I know I can use the same runner to build all the platforms at the same time, but this causes my builds to take 2 hours instead of 20 minutes if I split to different runners.

I was able to achieve something similar with:

name: ci

on:
  push:
    branches:
      - "main"
  pull_request:
    branches:
      - "main"

jobs:
  build:
    runs-on: ubuntu-latest
    strategy:
      matrix:
        platform:
          - linux/amd64
          - linux/386
          - linux/arm/v6
          - linux/arm/v7
          - linux/arm64
    steps:
      - name: Checkout
        uses: actions/checkout@v3
      - name: Set up QEMU
        uses: docker/setup-qemu-action@v2
      - name: Set up Docker Buildx
        uses: docker/setup-buildx-action@v2

      - name: Set cache name
        id: cache-name
        run: |
          echo 'cache-name=asterisk-cache-${{ matrix.platform }}' | sed 's:/:-:g' >> $GITHUB_OUTPUT

      - name: Build and push
        uses: docker/build-push-action@v4
        with:
          context: asterisk
          platforms: ${{ matrix.platform }}
          tags: asterisk
          cache-from: type=gha
          cache-to: type=local,dest=/tmp/asterisk-cache,mode=max

      - name: Upload cache
        uses: actions/upload-artifact@v3
        with:
          name: asterisk-cache-${{ steps.cache-name.outputs.cache-name }}
          path: /tmp/asterisk-cache
          if-no-files-found: error
          retention-days: 1

  push:
    runs-on: ubuntu-latest
    needs: build
    steps:
      - name: Checkout
        uses: actions/checkout@v3
      - name: Set up QEMU
        uses: docker/setup-qemu-action@v2
      - name: Set up Docker Buildx
        uses: docker/setup-buildx-action@v2

      - name: Download cache
        uses: actions/download-artifact@v3
        with:
          path: /tmp/asterisk-cache

      - name: Get lowercase GitHub username
        id: repository_owner
        uses: ASzc/change-string-case-action@v5
        with:
          string: ${{ github.repository_owner }}

      - name: Docker meta
        id: meta
        uses: docker/metadata-action@v4
        with:
          images: |
            ghcr.io/${{ steps.repository_owner.outputs.lowercase }}/asterisk-hass-addon
          tags: |
            type=ref,event=branch
            type=ref,event=pr
            type=semver,pattern={{version}}

      - name: Login to DockerHub
        if: github.event_name == 'push' || github.event_name == 'pull_request' && github.event.pull_request.head.repo.full_name == github.repository && github.actor != 'dependabot[bot]'
        uses: docker/login-action@v2
        with:
          registry: ghcr.io
          username: ${{ github.repository_owner }}
          password: ${{ secrets.GITHUB_TOKEN }}

      - name: Build and push
        uses: docker/build-push-action@v4
        with:
          context: asterisk
          platforms: |
            linux/amd64
            linux/386
            linux/arm/v6
            linux/arm/v7
            linux/arm64
          push: ${{ github.event_name == 'push' || github.event_name == 'pull_request' && github.event.pull_request.head.repo.full_name == github.repository && github.actor != 'dependabot[bot]' }}
          tags: ${{ steps.meta.outputs.tags }}
          labels: ${{ steps.meta.outputs.labels }}
          cache-from: type=local,src=/tmp/.buildx-cache
          cache-to: type=gha,mode=max

The problem is that it takes 10 minutes to upload the cache and then more 5 minutes to download the cache again.
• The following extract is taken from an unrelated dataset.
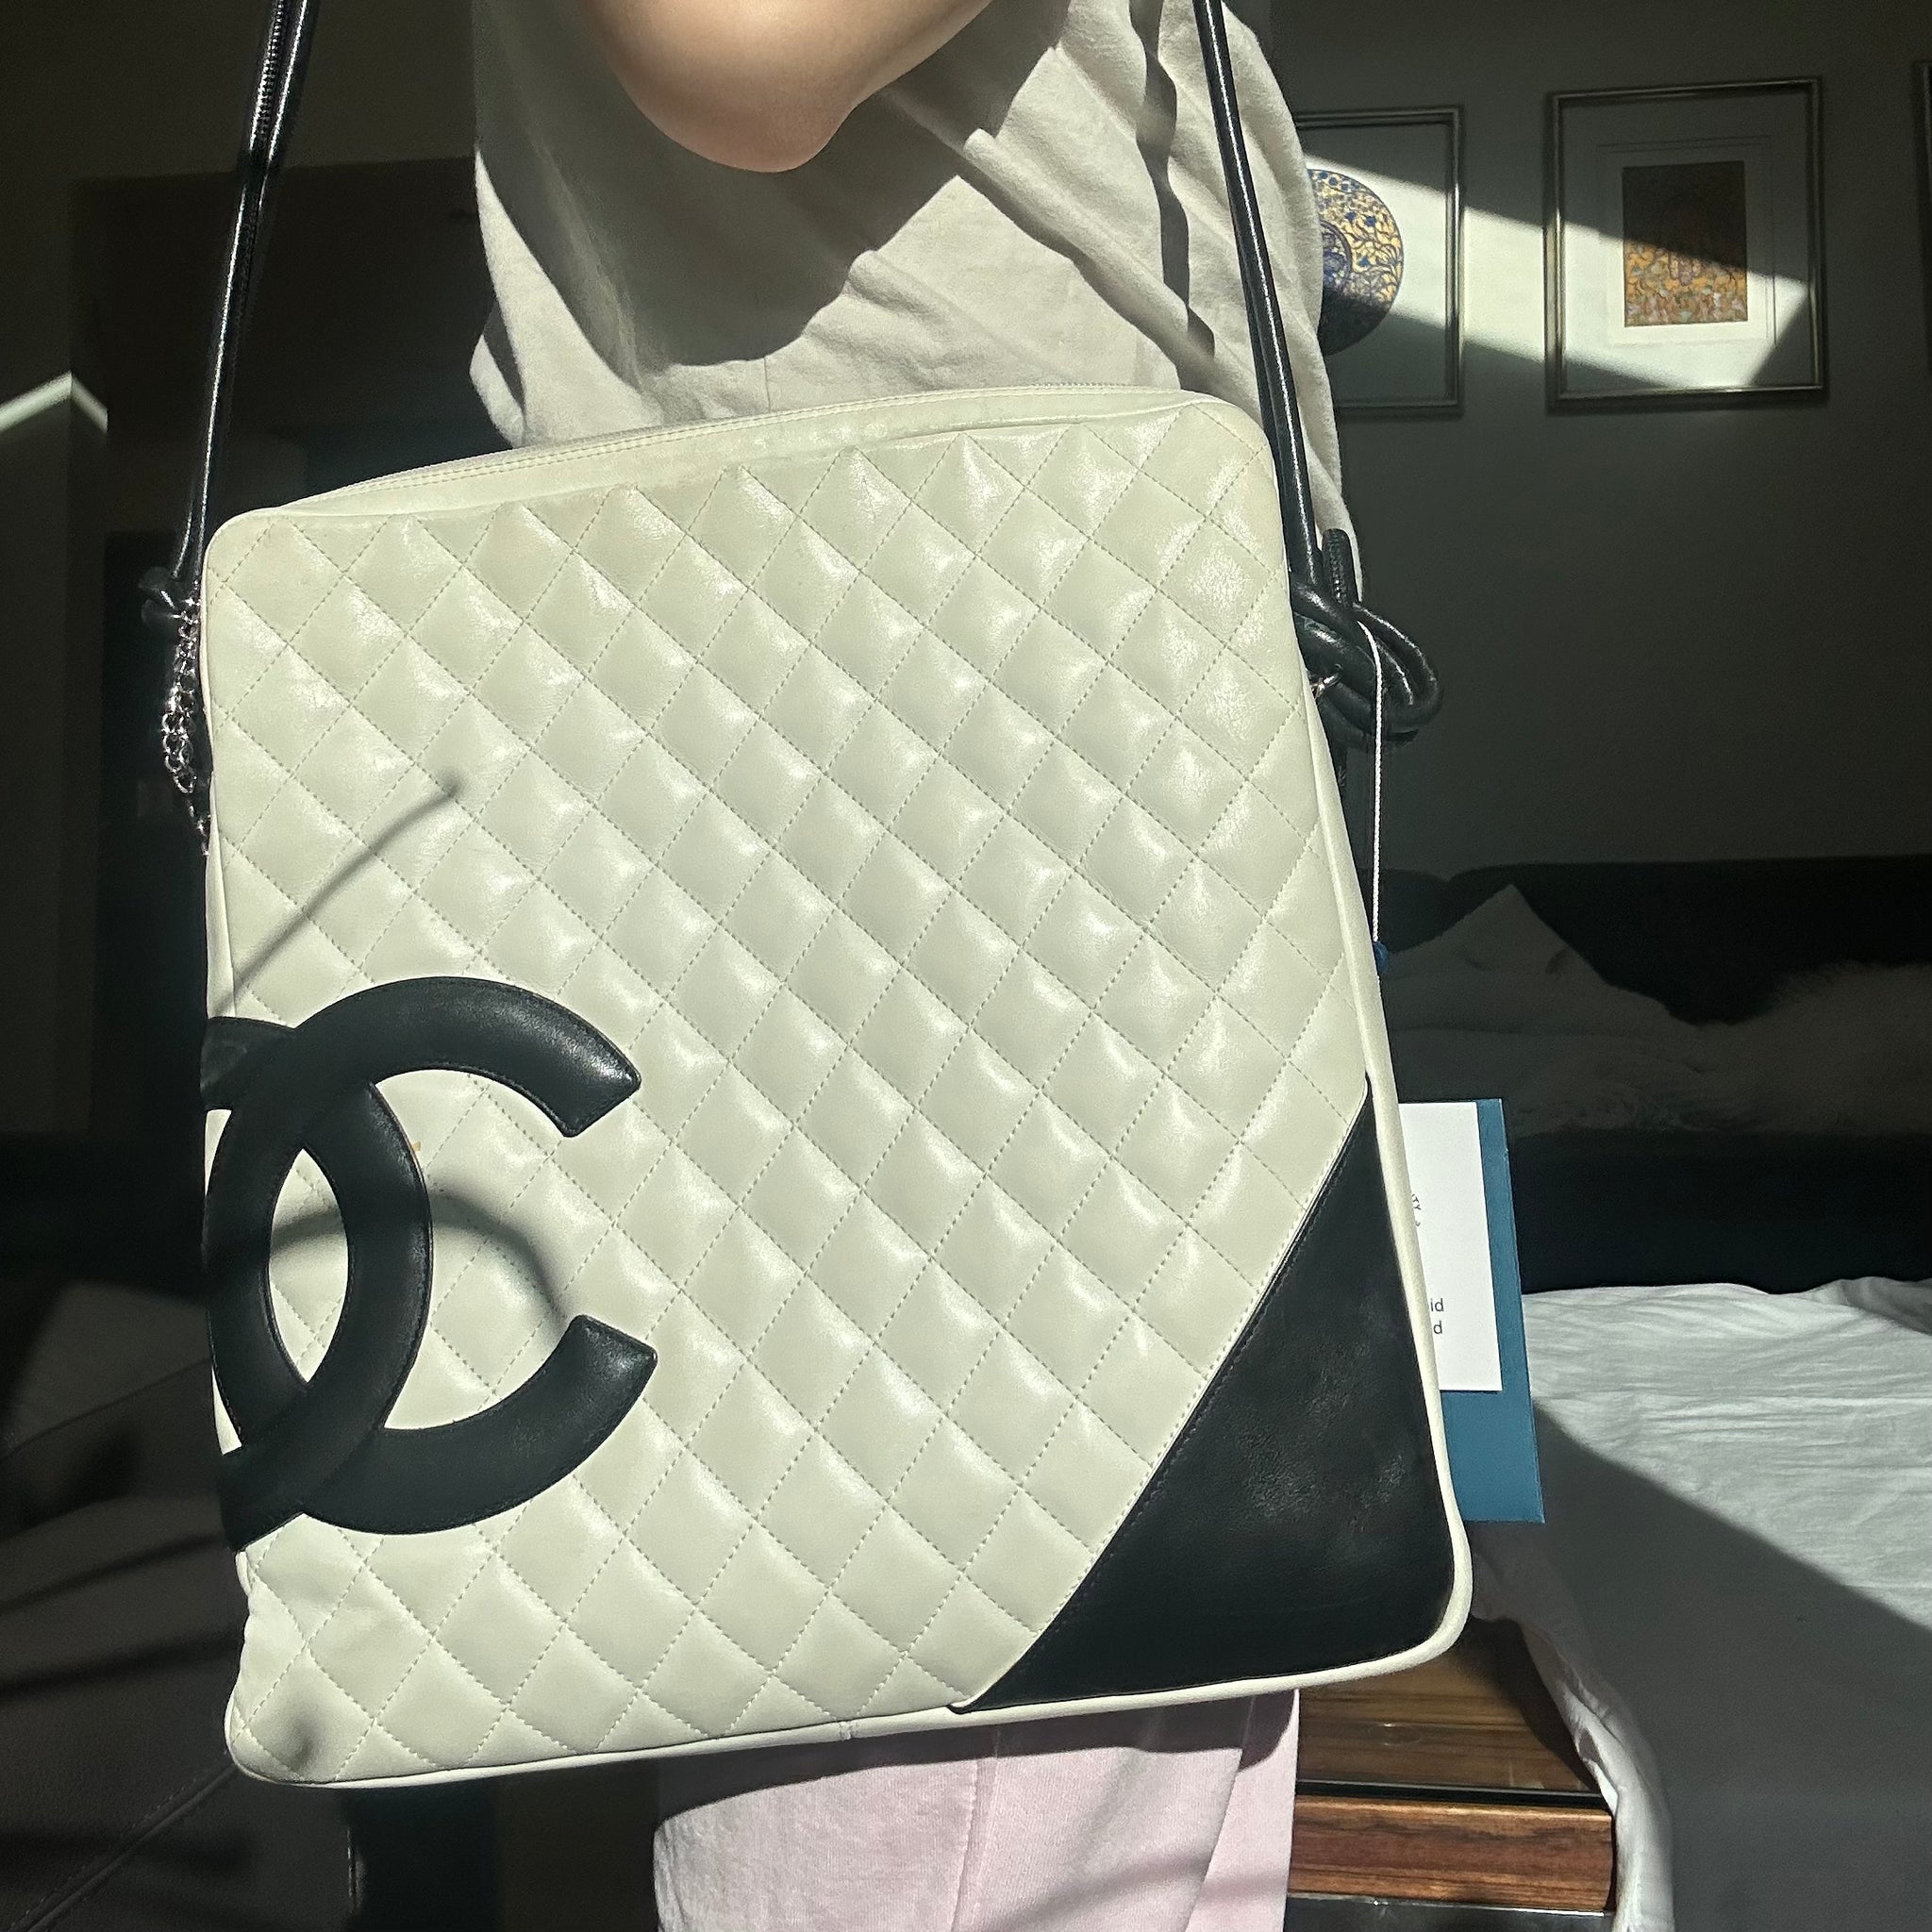 White Chanel Bags

Is there any suggestion to circumvent this?

K-shir0 commented 1 year ago

@felipecrs

I was able to handle individual jobs by using the method posted here.
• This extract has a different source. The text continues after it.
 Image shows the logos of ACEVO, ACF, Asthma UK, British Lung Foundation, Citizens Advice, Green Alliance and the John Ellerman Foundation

Reference: https://github.com/docker/build-push-action/issues/671#issuecomment-1373055782

felipecrs commented 1 year ago

That's very interesting!

I wonder if it would be possible to have buildx pushing different platforms without the need of being a single call.

Currently if I push a single --platform, it seems to override the previously pushed one.

crazy-max commented 1 year ago

https://github.com/docker/docs/pull/17180 has been merged. See https://docs.docker.com/build/ci/github-actions/multi-platform/#distribute-build-across-multiple-runners

felipecrs commented 1 year ago

@crazy-max that's really cool but... last time I tried to use upload-artifact for the job, it took 20-30 minutes only to upload and download it.

It was definitely a showstopper for me.

Do you believe it has improved? Maybe I should try it again.

crazy-max commented 1 year ago

last time I tried to use upload-artifact for the job, it took 20-30 minutes only to upload and download it.

You were uploading all cache export which can be quite expensive to compress > upload > download > decompress. In https://docs.docker.com/build/ci/github-actions/multi-platform/#distribute-build-across-multiple-runners we are just uploading the resulting image tarball.

If you want to use cache in the first job you should consider the gha one with a scope affected for each platform. Let me know if you need some help for this.

felipecrs commented 1 year ago

I will do some testing. Thanks a lot!

felipecrs commented 1 year ago

This is how I'm adding GHA caching on top of the provided example:

- name: Prepare
  run: |
    mkdir -p /tmp/images
    platform=${{ matrix.platform }}
    platform=${platform//\//-}
    echo "TARFILE=${platform}.tar" >> $GITHUB_ENV
    echo "TAG=${{ env.TMP_LOCAL_IMAGE }}:${platform}" >> $GITHUB_ENV
    echo "SCOPE=${{ env.GITHUB_REF_NAME }}-${platform}" >> $GITHUB_ENV
- name: Build
  uses: docker/build-push-action@v4
  with:
    context: .
    platforms: ${{ matrix.platform }}
    tags: ${{ env.TAG }}
    outputs: type=docker,dest=/tmp/images/${{ env.TARFILE }}
    cache-from: type=gha,scope=${{ env.SCOPE }}
    cache-to: type=gha,scope=${{ env.SCOPE }},mode=max

The test is running now.

However, I wonder how can I integrate the push phase of the example with docker/metadata-action. I suppose I can map the tags to -t flags in docker buildx imagetools create with a shell script, but I wonder what should I do about the labels.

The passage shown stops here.